3. Document ALL changes in release notes using official format

CRITICAL: Documentation Updates with EVERY Feature

Every feature, bug fix, or change MUST include updates to ALL THREE doc files in the SAME commit:

1. ReleaseNotes/<version>.md -- What changed and why (bullet points per component)
2. Packs/<PackName>/README.md -- Full pack documentation (commands, args, outputs, examples)
3. Integrations/<IntName>/<IntName>_description.md -- UI configuration panel help text

This is NOT optional. Code changes without corresponding doc updates are incomplete. If you add a command, the README must document it. If you change an argument, the README table must reflect it.
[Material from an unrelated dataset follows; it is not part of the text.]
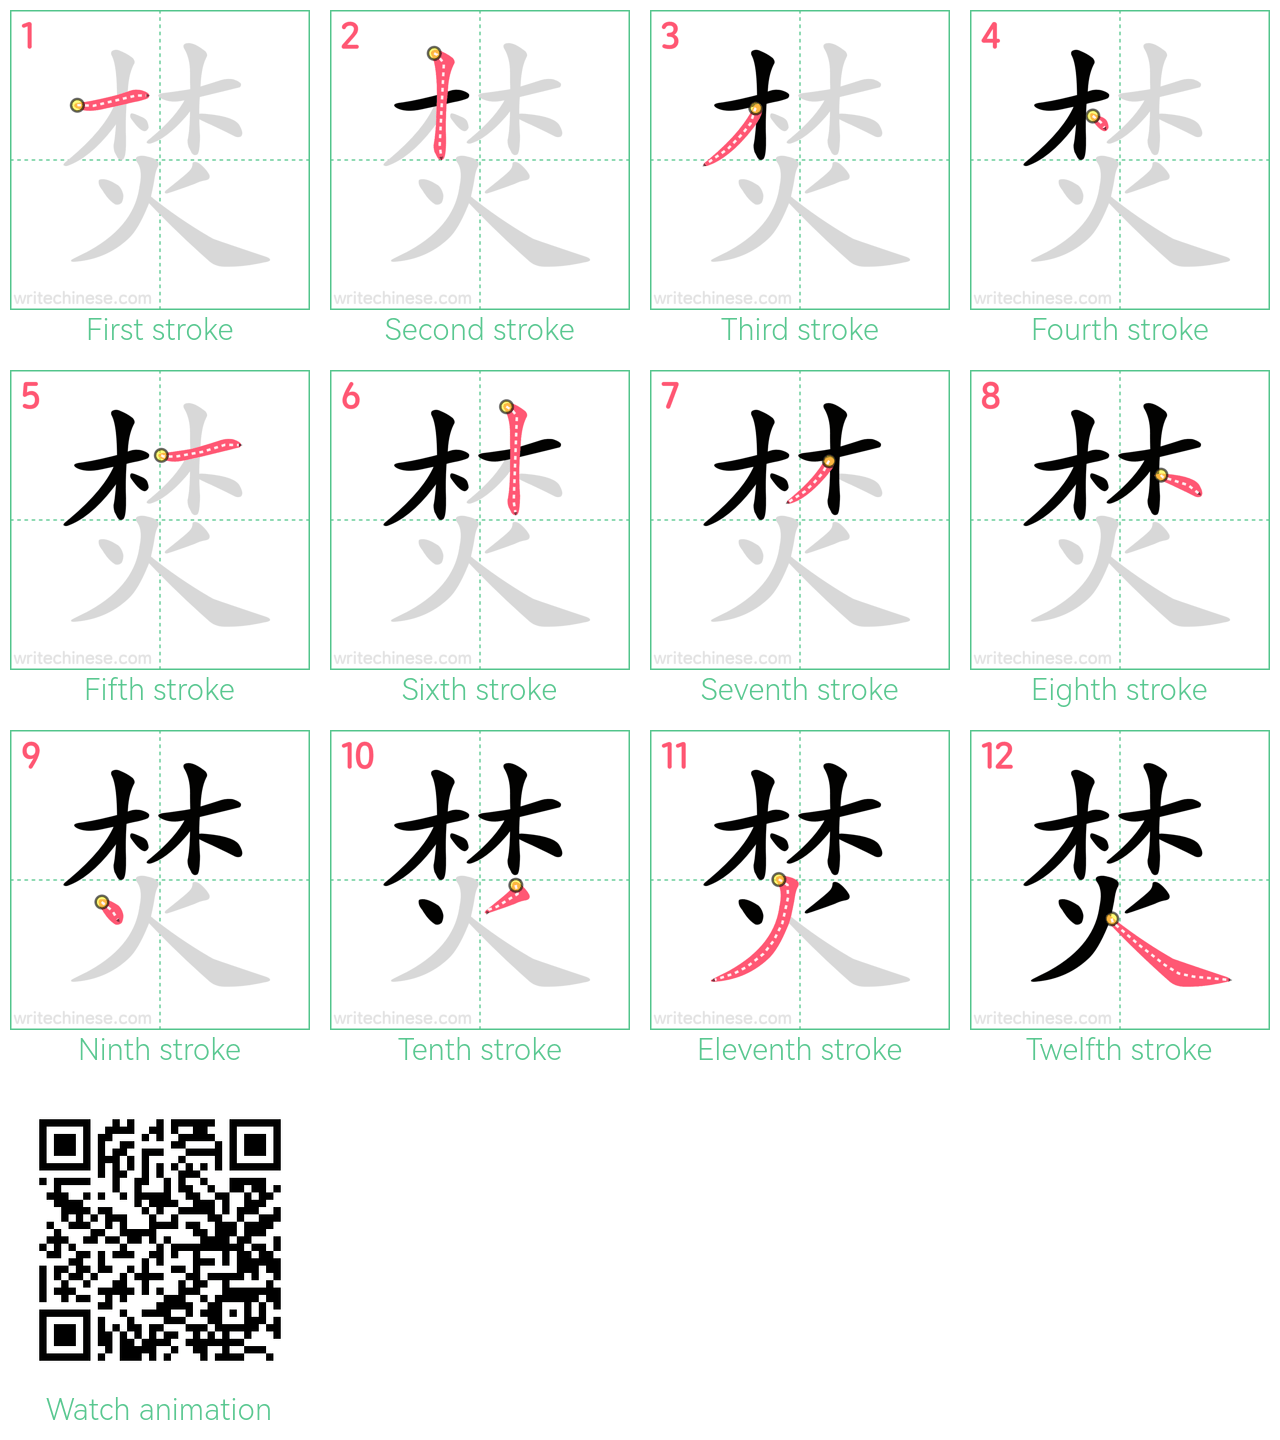 焚 step-by-step stroke order diagrams

If you add a config parameter, the description file must explain it.

Release Notes Format

#### Integrations

##### <Integration Display Name>

- Added **new-command-name** command to retrieve X.
- Fixed an issue where Y did not work correctly.
- Updated Docker image to *demisto/python3:3.10.14.100715*.

#### Scripts

##### <Script Display Name>

- Improved performance of Z processing.

#### Playbooks

##### <Playbook Display Name>

- Added new sub-playbook for handling W.

CRITICAL: Use pure ASCII in release notes. No arrows, smart quotes, em dashes.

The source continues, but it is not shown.